Generic drugs: what are they and are they better value?

Imagine this: drug A is as effective as drug B, but costs ten times less and is actually the same drug masquerading under a different name. You are a doctor and must decide which one to prescribe. Well, of course, you choose drug A.

Such decisions may seem straightforward, but so-called generic and brand-name prescribing has provoked a long-running, multi-billion-dollar controversy.

There is an assumption that patent protection for a medicine involves just a single patent, but this is not so

Every medicine has both a brand or commercial name and a generic or chemical one. Take the world’s best-known erectile dysfunction treatment. Viagra is its brand or commercial name and yes, it is no coincidence that it trips off the tongue very easily, unlike its generic name sildenafil, which sounds more like a villain from Harry Potter than a blue pill.

Pharmaceutical companies choose easy-to-remember brand names in the hope that doctors and patients will choose them in preference to cheaper generic ones. In contrast, the strapped-for-cash NHS actively promotes generic prescribing.
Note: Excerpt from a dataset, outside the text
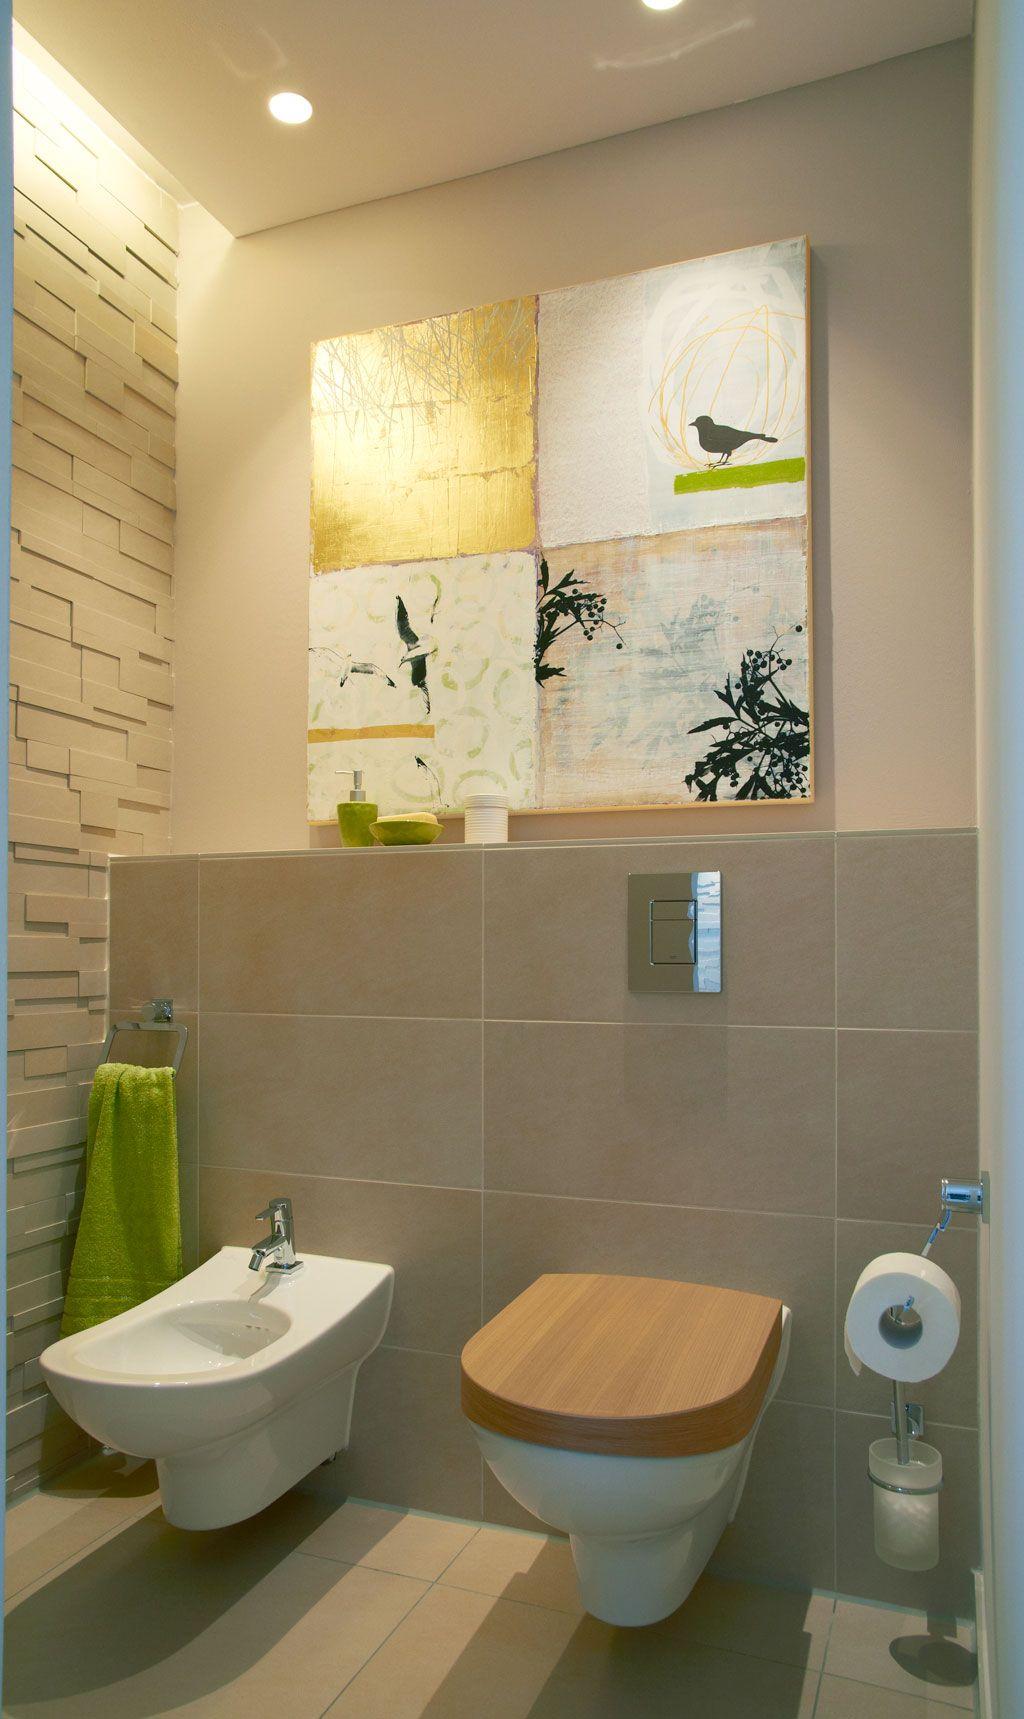 edition 500 b wohnidee haus ein bungalow mit frischen wohnideen viebrockhaus deko. Black Bedroom Furniture Sets. Home Design Ideas
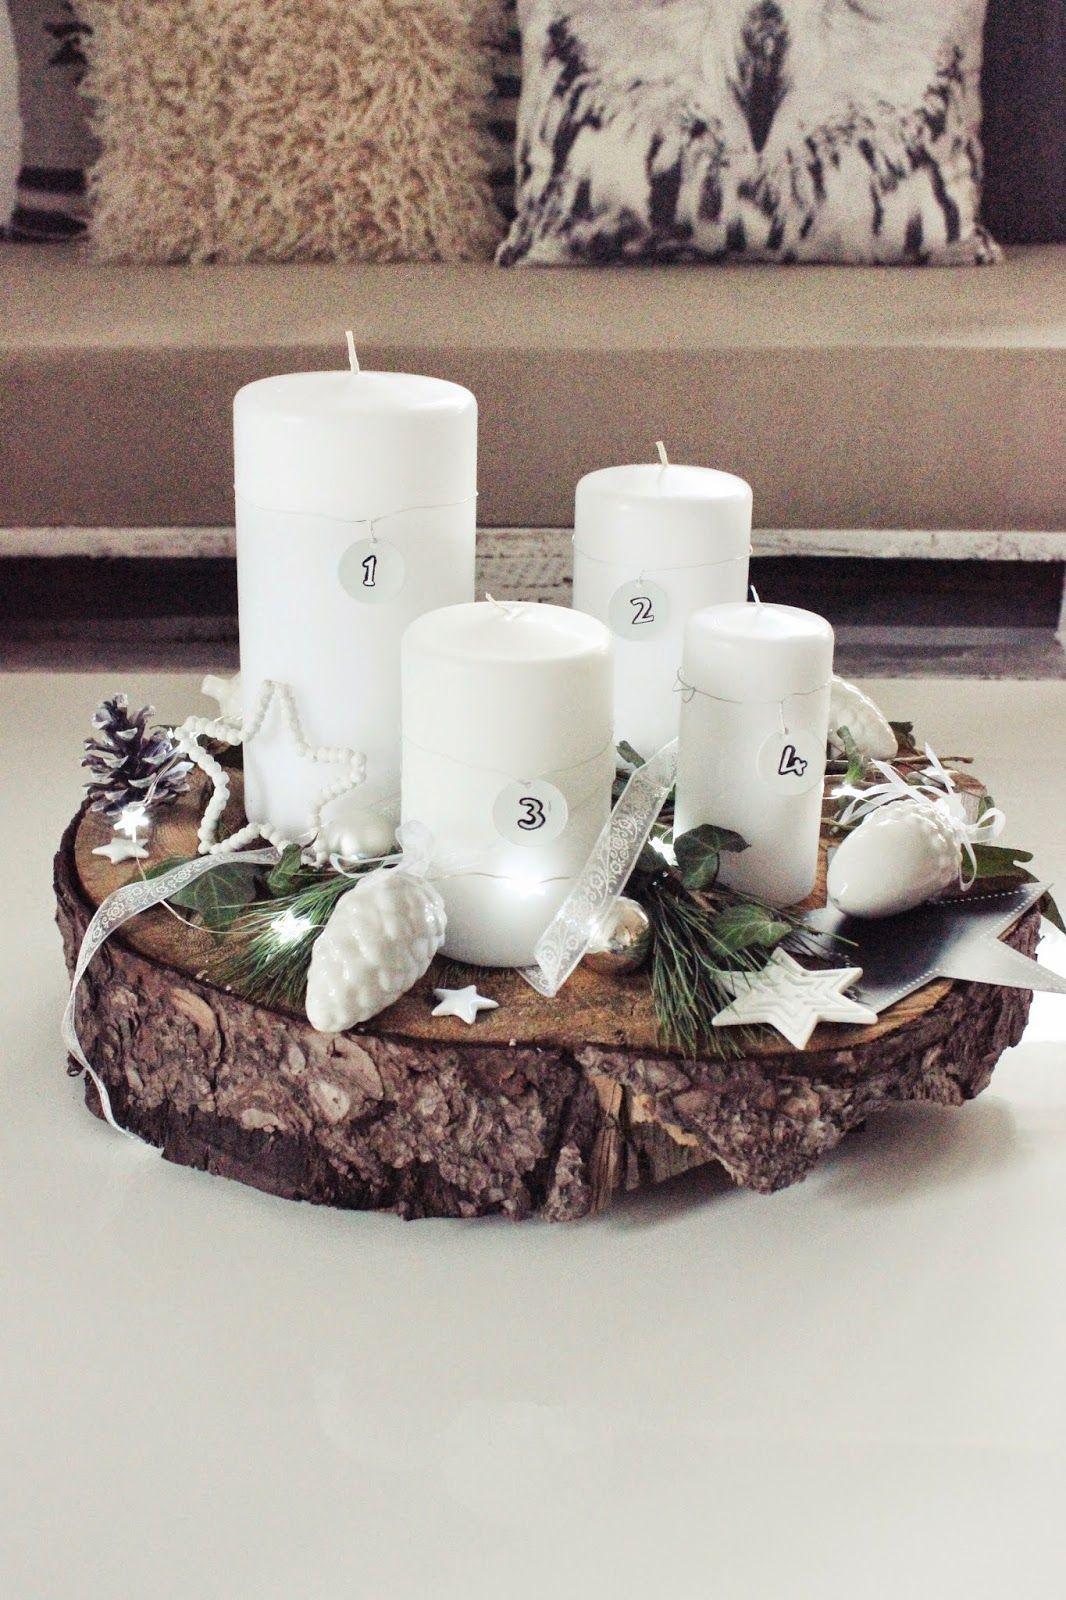 marvelous einfache dekoration und mobel alternativen zum klassischen adventskranz #1: DIY advent wreath - simple but beautiful /// simpler Adventskranz zum  Selbstmachen - einfach. Deko WeihnachtenWeihnachtsmarktWeihnachtlicher ...

Generic drugs come with hefty savings

According to the British Generic Manufacturers Association (BGMA), generic prescribing saves the NHS around £13 billion a year, while the Organisation for Economic Co-operation and Development reported in 2016 that generics had accounted for 84 per cent of the volume of UK pharmaceuticals sales in 2014. The US figure is 90 per cent.

Given the spectacular savings, why are medicines ever prescribed by brand name? When a pharmaceutical company develops a new drug, it sells it exclusively under its brand name. The product is covered by patent protection, which means that only the manufacturer is allowed to make and sell it during the life of the patent. This enables pharma companies to recoup investment costs. Patents are estimated to account for 70 to 80 per cent of pharma income.

Developing a new drug can take up to 15 years or more and cost up to $5 billion. The Association for the British Pharmaceutical Industry claims for every marketed medicine that makes enough money to pay for its development, 25,000 compounds are tested. On average, about 25 of these are reported to go into clinical trials involving thousands of patients.

What happens when patents expire?

How long do patents last and what happens when they expire? Patent life varies from country to country, but can last up to 20 years. This may sound like ample time to turn a big profit, but medicine patents run from the date of invention. This is a bitter pill for big pharma because it can take ten years or more to generate enough data to bring a drug to market. But patents on medicines in the European Union can be extended for up to five years to offset development time and mandatory trials.

When drug patents expire, other companies can produce cheaper, non-branded generic versions, also known as me-too or copycat medicines, without making any contributions towards research and development.

Generic medicines have to meet the same standards as branded products. The US Food and Drug Administration  explains: “A generic drug is a medication created to be the same as an already marketed brand-name drug in dosage form, safety, strength, route of administration, quality, performance characteristics and intended use.

“These similarities help to demonstrate bio-equivalence, which means that a generic medicine works in the same way and provides the same clinical benefit as its brand-name version. In other words, you can take a generic medicine as an equal substitute for its brand-name counterpart.”

The drawbacks of generic drugs

However, bio-equivalence is a highly controversial issue. In 2015, for example, there were 267 so-called recalls of generic drugs in the US. These decisions to remove products from the market involved counterfeit medicines and quality issues such as contamination, says Erin Fox, adjunct associate professor in pharmacotherapy at the University of Utah. And the number of UK recalls is comparable to those in America, according to BGMA direction general Warwick Smith.

Professor Fox says: “A few high-profile recalls have shaken the belief that generic drugs are truly the same.” But she claims: “The system intended to reward drug companies for their innovations, but eventually protect customers is systematically being broken. Drug companies are thwarting competition through a number of tactics and the result is high prices, little-to-no competition and drug quality problems.”

For example, Professor Fox claims companies are stifling generic competition by “pay for delay” agreements in which branded drug companies simply pay generic companies not to launch me-too products. The US Federal Trade Commission estimates that such pacts cost US consumers and taxpayers $3.5 billion in higher drug costs each year.

Pharma companies are also said to extend exclusive rights to their medicines by filing additional patents to include treatment for conditions not covered by original patents. Mr Smith says: “There is an assumption that patent protection for a medicine involves just a single patent, but this is not so.”

The BGMA website quotes examples in which single molecules have been the subject of more than 1,300 patent applications. This can deter generic manufacturers from investigating the potential of branded medicines nearing patent expiry. The BGMA says: “These practices limit competition and the prospect of lower medicine prices.” Nonetheless, generic prescribing has resulted in significantly lower prices, making life-saving drugs more accessible to more people.